Daruwalla has designed a new way for AI algorithms to transfer and process data more efficiently, based on how our brain takes in new information. This design allows individual AI “neurons” to receive feedback and adjust immediately rather than waiting for the entire circuit to update at once. This way, data doesn't need to travel very far and gets processed in real time.

“In our brains, our connections are changing and adjusting all the time,” says Daruwalla. “It's not like you stop everything, adjust, and then you're back to who you are again.”

The new machine-learning model provides evidence for a yet unproven theory that correlates working memory with learning and academic performance. Working memory is the cognitive system that enables us to stay on task by recalling stored knowledge and experiences.

“There are theories in neuroscience about how working memory circuits might support learning. But there’s nothing as concrete as our rule that actually ties these two together.

“And so that was one of the cool things we found here. The theory led to a rule that each synapse had to be individually adjusted to have this working memory sitting with it,” Daruwalla says.

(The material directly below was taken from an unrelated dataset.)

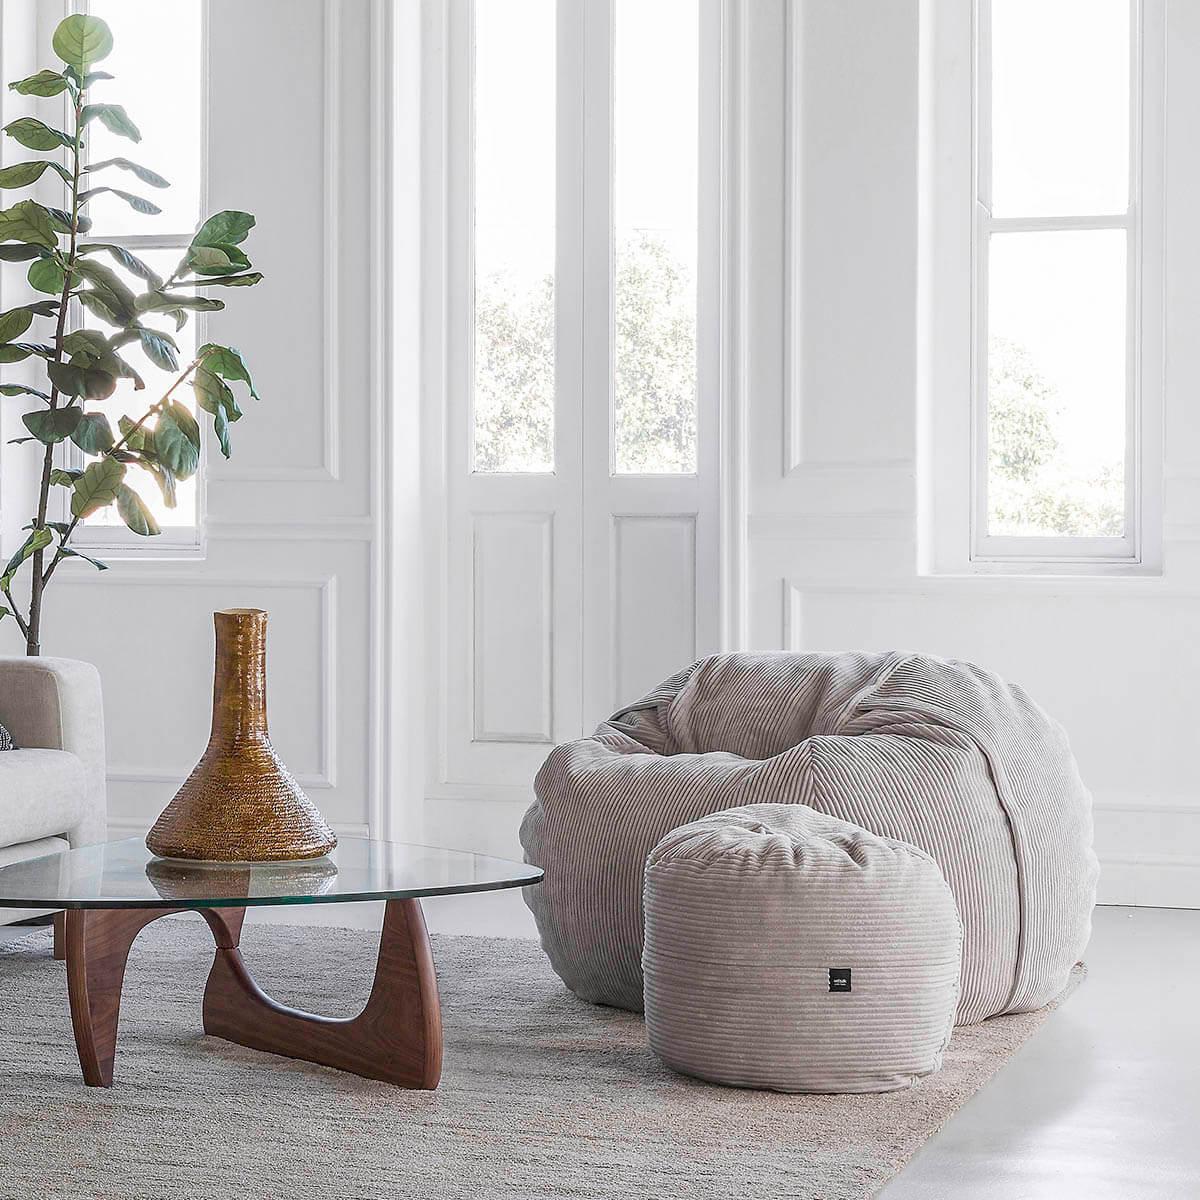 fu hocker cord jetzt online kaufen. Black Bedroom Furniture Sets. Home Design Ideas

Daruwalla's design could help pioneer a new generation of AI that learns like us. Not only would it make AI more efficient and accessible — it would also be somewhat of a full-circle moment for neuroAI. Neuroscience has been feeding valuable data to AI long before ChatGPT uttered its first digital syllable. It looks like AI could soon return the favor, too.

About this artificial intelligence research news

Author: Sarah Giarnieri
Source: CSHL
contact: Sarah Giarnieri – CSHL
image: Image credit: Neuroscience News

Original Research: open access.
“Information bottleneck-based Hebbian learning rule naturally links working memory and synaptic updating” by Kyle Daruwalla et al. Advances in Computational Neuroscience


abstract

Information constraint-based Hebbian learning rule naturally links working memory and synaptic updating

Deep neural feedforward networks are effective models for a wide range of problems, but training and deploying such networks is energy-intensive. Spiking neural networks (SNNs), which are modeled after biologically realistic neurons, offer potential solutions when properly deployed on neuromorphic computing hardware.

Nevertheless, many applications train SNNs. OfflineAnd running network training directly on neuromorphic hardware is an ongoing research problem. The primary obstacle is that back-propagation, which makes it possible to train such artificial deep networks, is biologically impossible.

Neuroscientists are unsure how the brain would propagate an accurate error signal backwards through a network of neurons. Recent advances address some part of this question, such as the weight transport problem, but a complete solution is still abstract.

In contrast, novel learning rules based on information constraints (IB) train each layer of the network independently, eliminating the need to propagate errors across layers. Instead, propagation is implicit due to the feedforward connectivity of layers.

These rules take the form of three-factor Hebbian updates, a global error signal controlling local synaptic updates within each layer. Unfortunately, the global signal for a given layer requires multiple samples to be processed simultaneously, and the brain only sees a single sample at a time.

We propose a new three-factor update rule, where the global signal accurately captures the information in the samples through an auxiliary memory network. The auxiliary network can be trained possibly Independent of the dataset being used with the primary network.

We demonstrate comparable performance to the baseline on image classification tasks. Interestingly, unlike schemes such as back-propagation, where there is no connection between learning and memory, our rule introduces a direct link between working memory and synaptic updating. To the best of our knowledge, this is the first rule to make this link explicit.

We explore these implications in preliminary experiments examining the effect of memory capacity on learning performance. Moving forward, this work suggests an alternative view of learning where each layer balances memory-informed compression against task performance.

This approach naturally incorporates several key aspects of neural computing, including memory, efficiency, and locality.